_Data segment:_
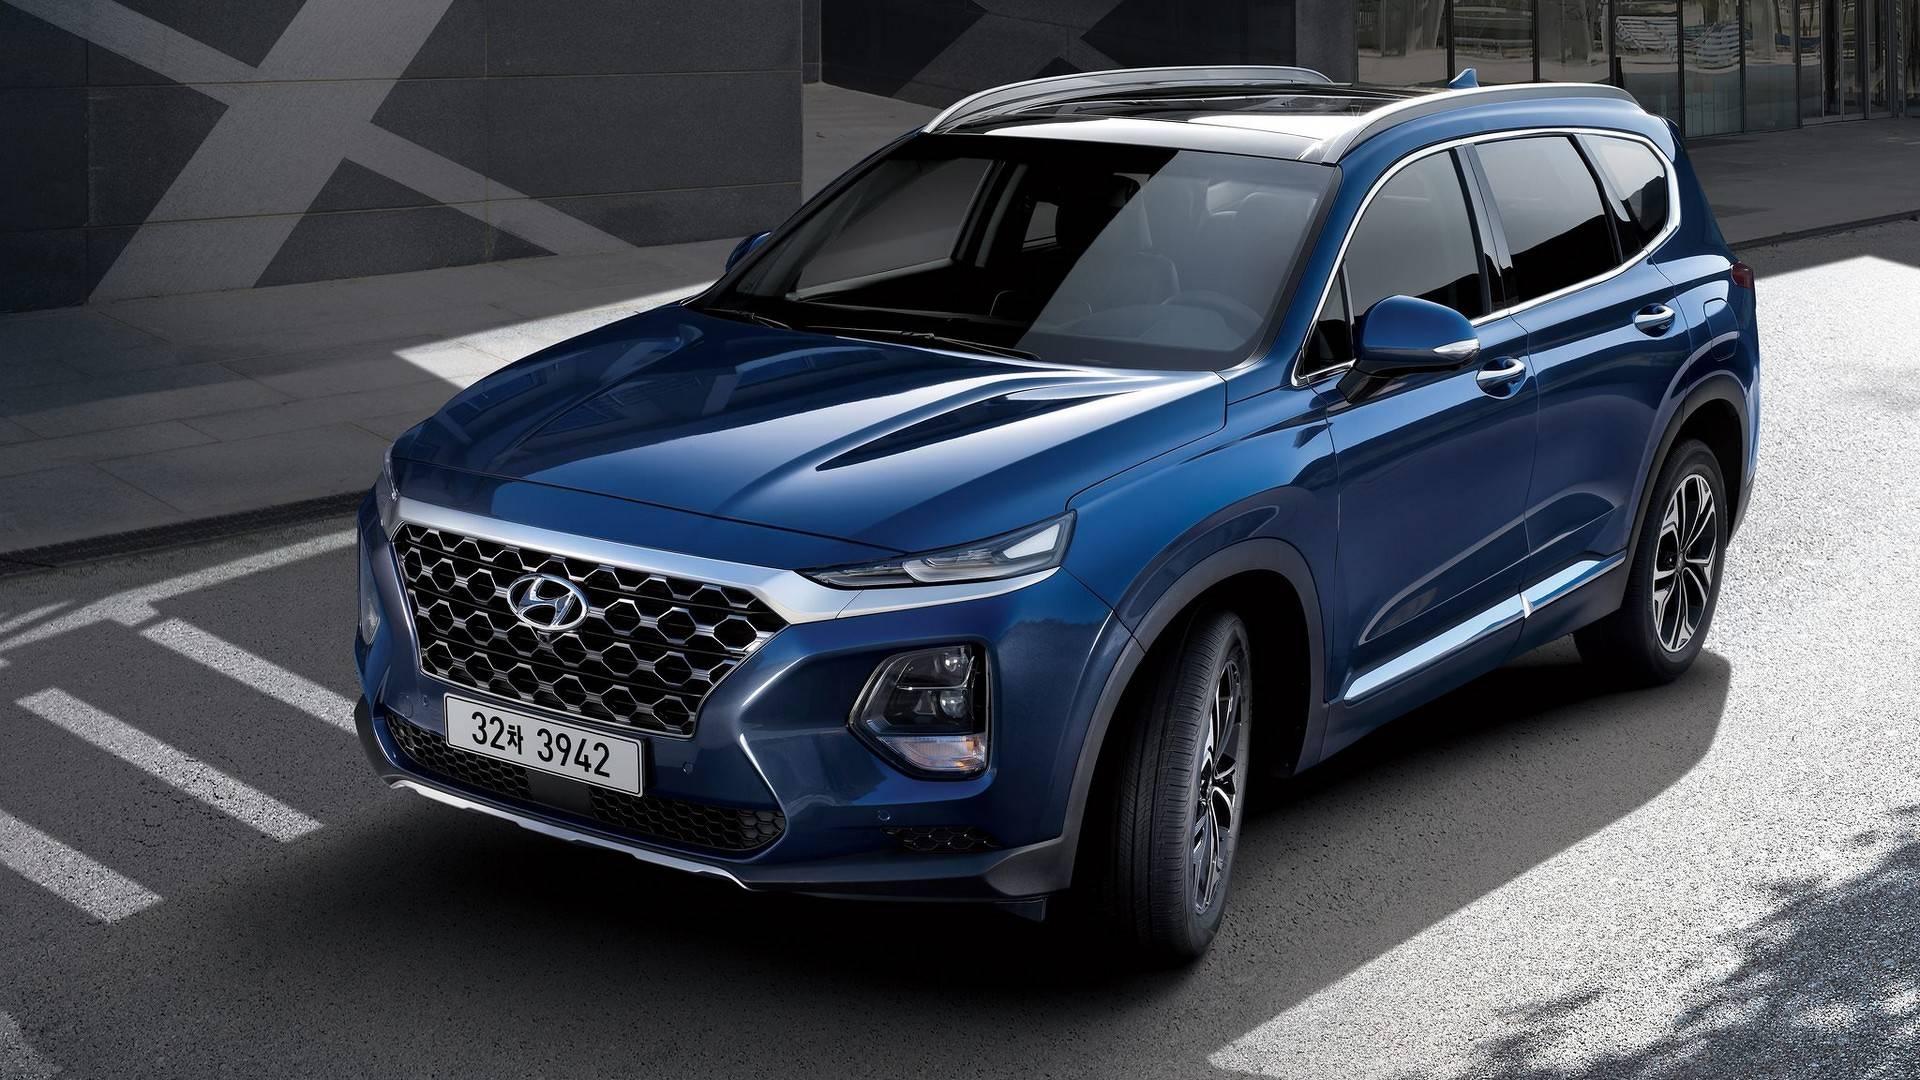 2019 Hyundai Santa Fe Priced From $25,500 - autoevolution
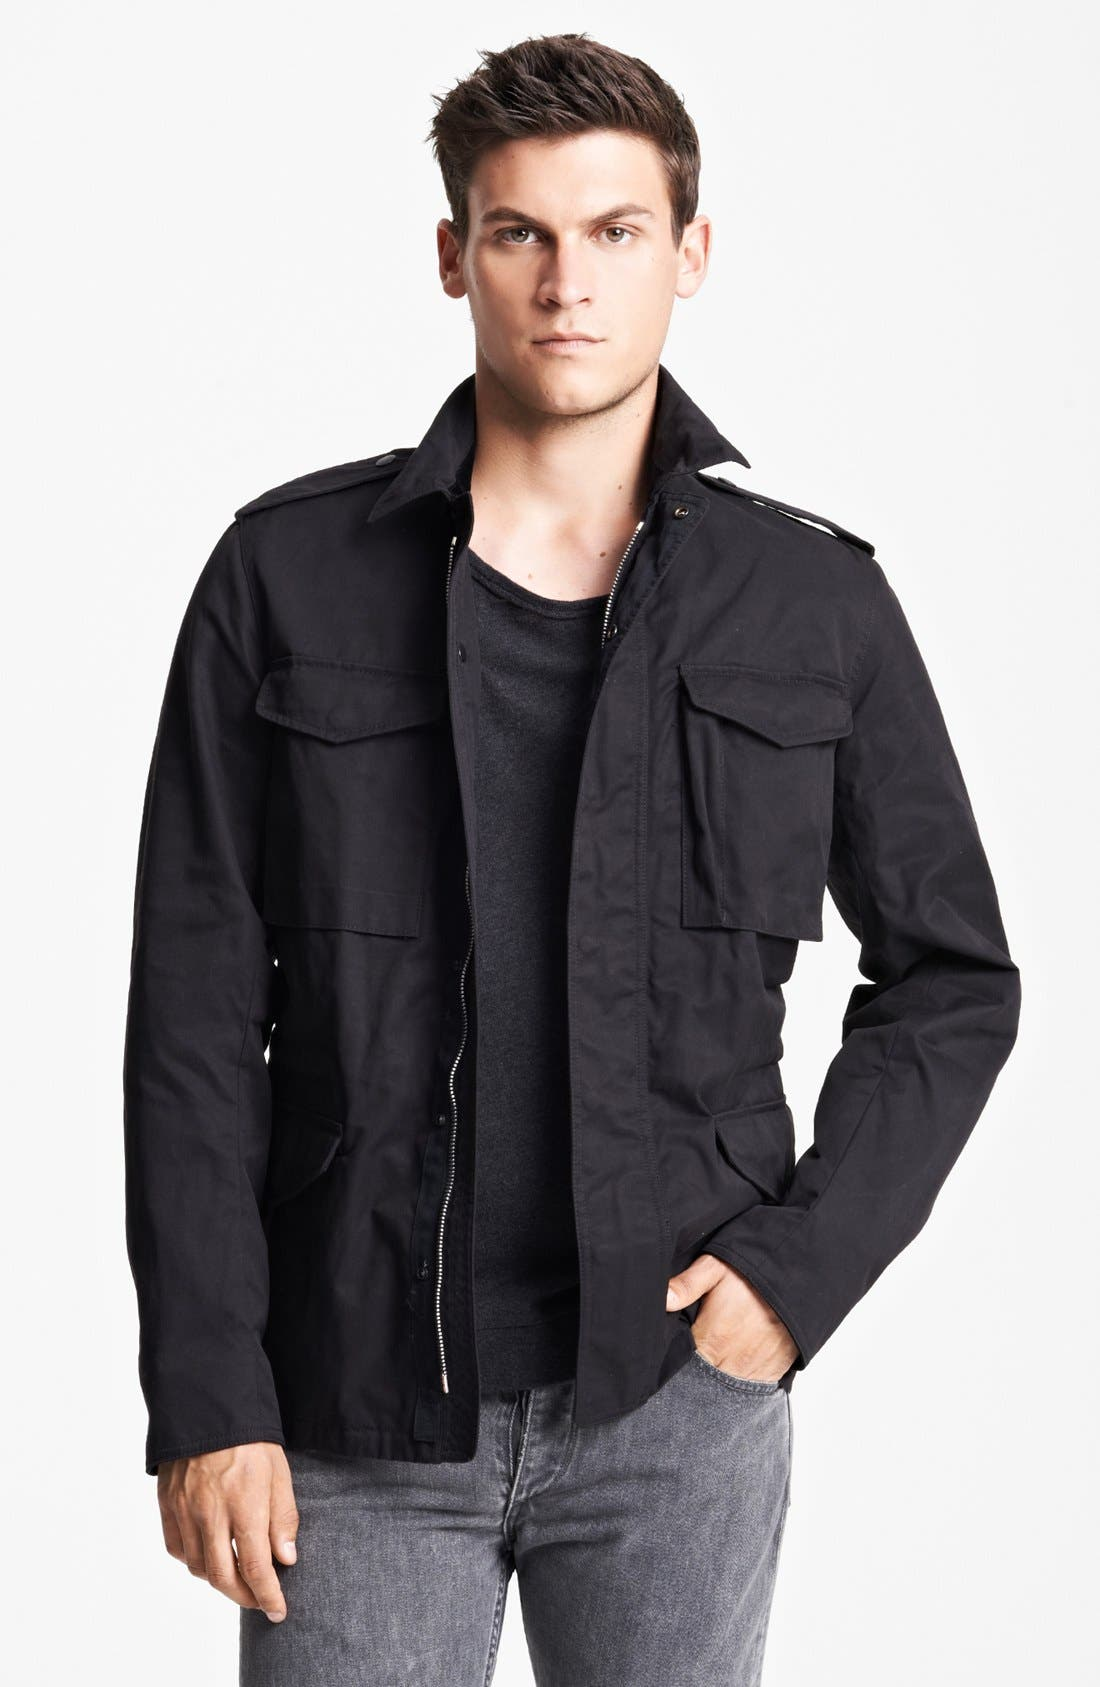 Alternate Image 1 Selected - rag & bone 'Delancy' Jacket
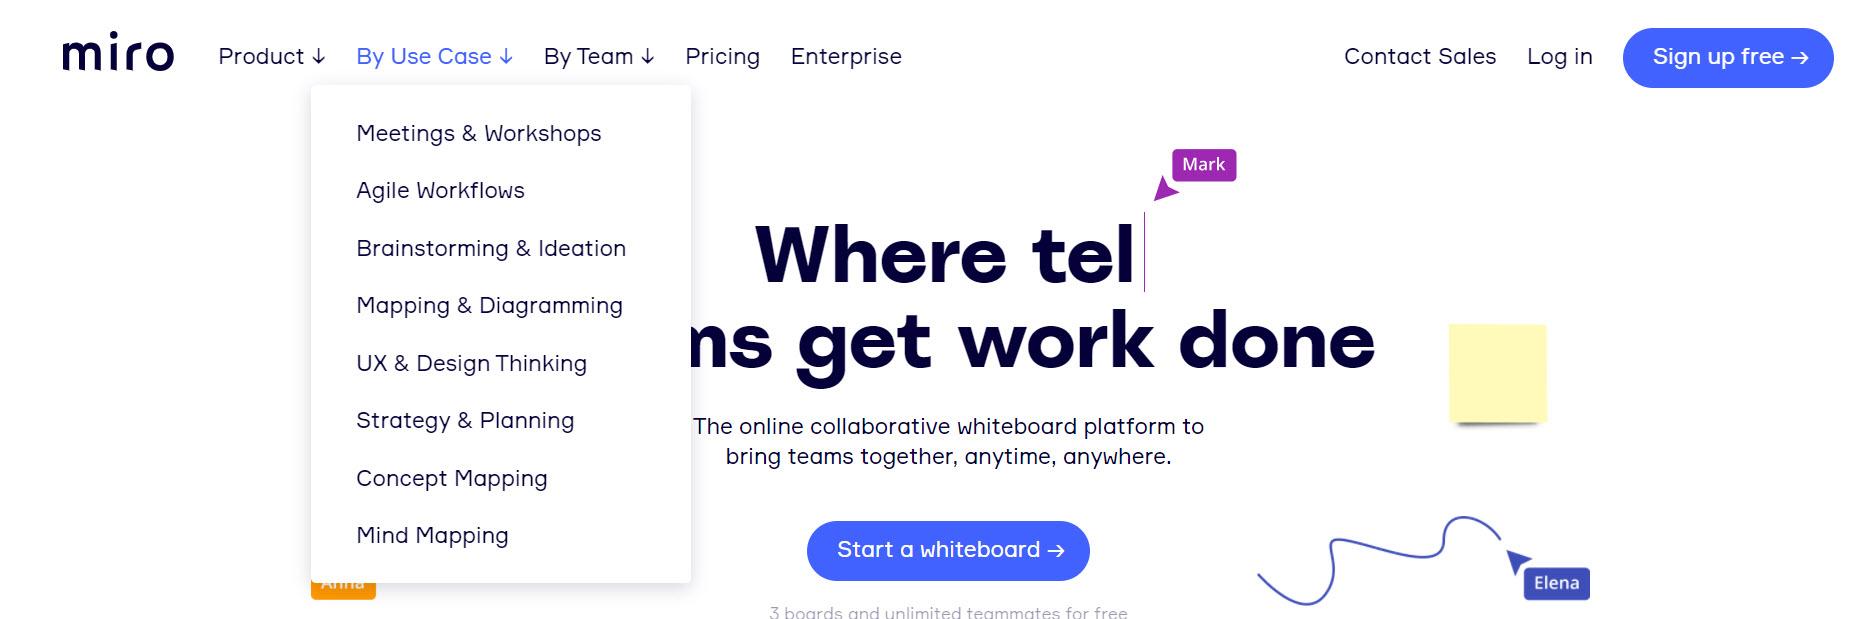 website menu example
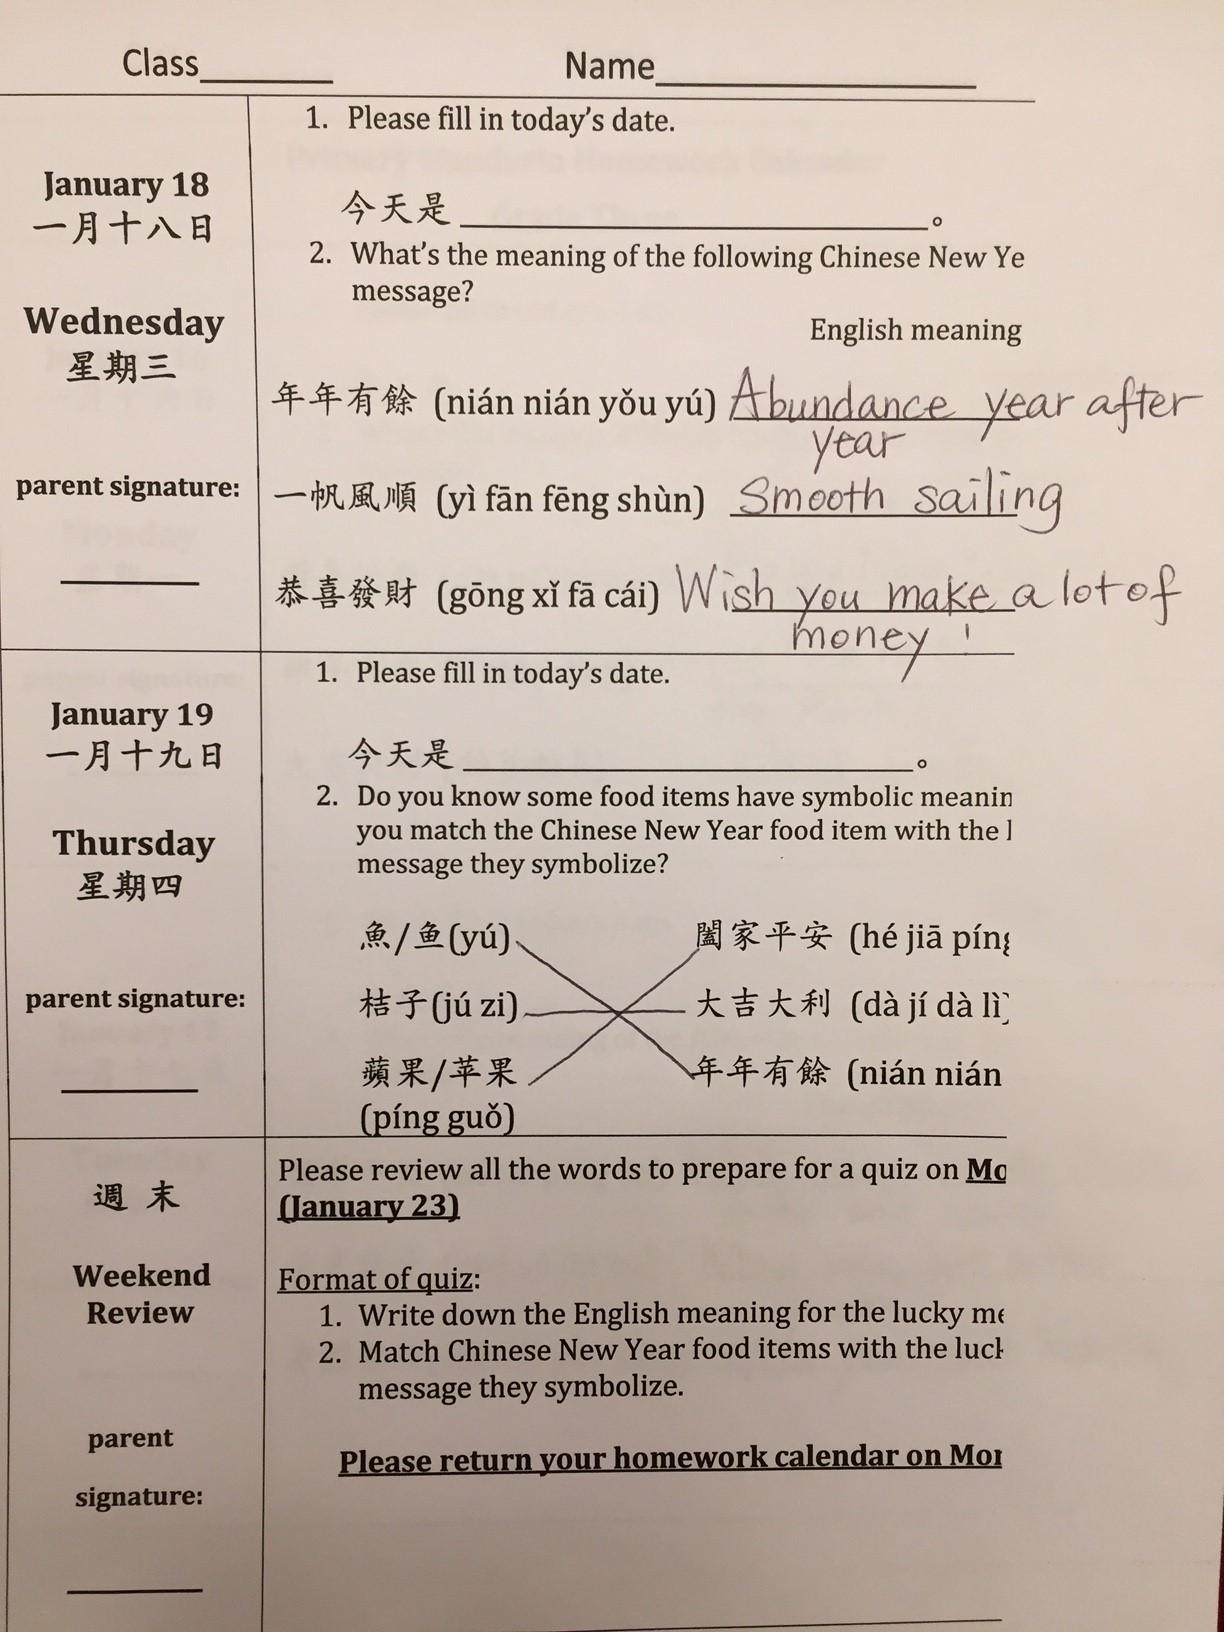 Homework Calendar-Gr3-2

_What is needed:_ Give back the data exactly, with no images.

_Result for this task:_
 2019 Hyundai Santa Fe Priced From $25,500 - autoevolution
 Alternate Image 1 Selected - rag & bone 'Delancy' Jacket
 website menu example
 Homework Calendar-Gr3-2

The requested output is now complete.